Both dial options include painted markers: batons for the hours, dots on the outside track for the minutes. The date window at 6 o’clock does its best to match the dial, though the green flavor is slightly on the darker side. The green dial’s circular brushed finish projects a distinctly metallic look. The black satin dial variant has a beguiling silken finish.
The STERNGLAS Marus’ simple silver hands are entirely in keeping with the brand’s Bauhaus minimalism – a welcome break from the funky styles best (worst) seen on Seiko Turtles. The Marus’ hour and minute hands are filled with green Super-LuminNova, ideal for nighttime legibility.

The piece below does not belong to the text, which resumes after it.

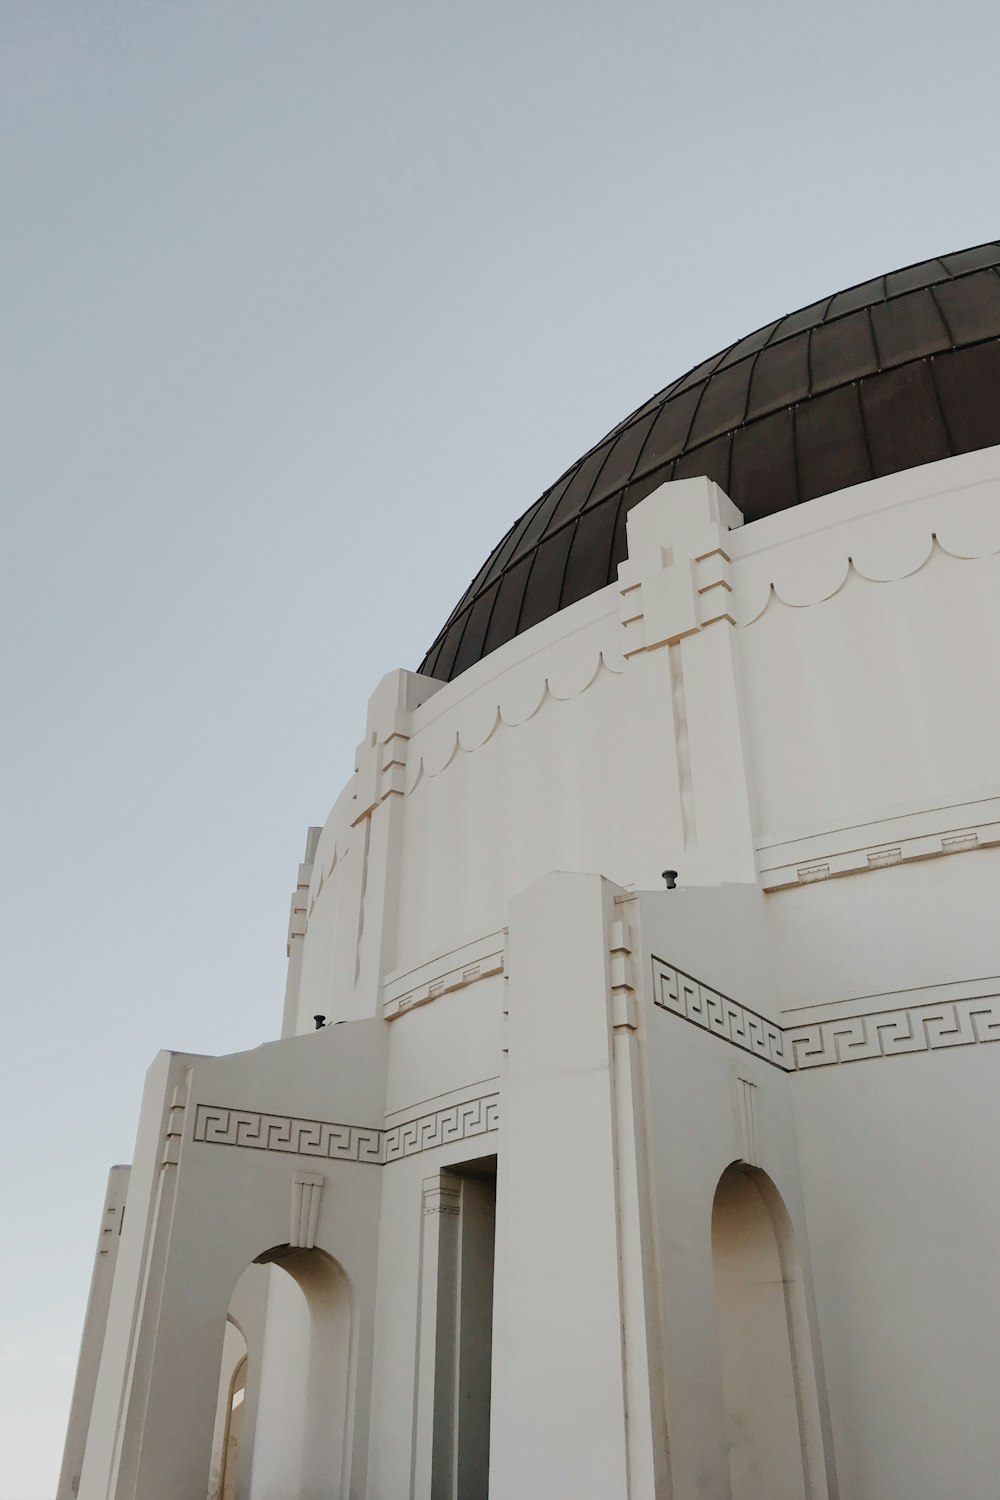 a large white building with a dome on top

The Marus’ dial text – viewed through a domed sapphire crystal with anti-reflective coating – is also suitably discreet. It combines a proclamation that batteries need not apply (i.e., Automatik) with a clear statement of the screw-down caseback’s tool watch qualifying water resistance (“200m = 660 feet”).
The caseback is engraved with a boat-load of technical details circling an abstract contour map of a seabed. A Miyota 8215 beats away underneath the protective cover. It’s a cheap-and-cheerful little thing with a 42-hour power reserve and -20 to＋40 seconds per day accuracy.
If you turn the STERNGLAS Marus’ crown counterclockwise, you can hack (stop) the second hand to set the time precisely. Right until you can’t, because it’s not designed to do so. Setting the watch is a comical moment; there’s plenty of play whichever way you turn the crown.
The Miyota’s spinning rotor is as loud as a Hawaiian shirt at a black tie soirée, particularly when you move your wrist to a vertical position. The rotor’s so loud my partner insisted that I remove the Marus at night.
This is a tale of two dials and two straps, and any combination thereof. Both rubber and steel attachments measure 20mm across. The “fluoro” black rubber strap (a $47 option if you buy the steel bracelet) is super smooth, comfortable, just as stretchy as it should be and no more.
If you buy the rubber strap Marus and order a metal bracelet (a $108 option), rest assured it matches the case’s steel, held in place by a branded butterfly buckle. STERNGLAS’ quick release system makes tool-less strap swapping a breeze.
The STERNGLAS Marus is a dive watch, but not as we know it. In fact, the Marus is best viewed as an elegant swim compatible everyday or dress watch. Which is just as well given “proper dive watch” competition from the likes of Seiko, Citizen and Orient at around the same price point. In short, it you like the look, you’ll really like the price and love the watch.
Model: STERNGLAS Marus Automatik
Price: $579 on a steel bracelet, $529 on a rubber strap
Case Material: Stainless steel
Movement: Miyota 8215
Functions: Hour, minute, second, date
Water resistance: 20ATM
Weight: 96 grams
RATINGS (out of five stars)
Design * * *
A dive watch that doesn’t look like a dive watch, in keeping with STERNGLAS’ Bauhaus minimalism
Legibility * * * * *
As you’d expect.
Comfort * * * *
The rubber bracelet is particularly comfy and the steel bracelet is well made, but the Marus’ tall profile and weight drag it down. So to speak.
Overall * * * *
Sternglas’ first dive watch is for people who don’t want a dive watch that says “dive watch.” Final star deducted to burdensome weight and less than stellar finish.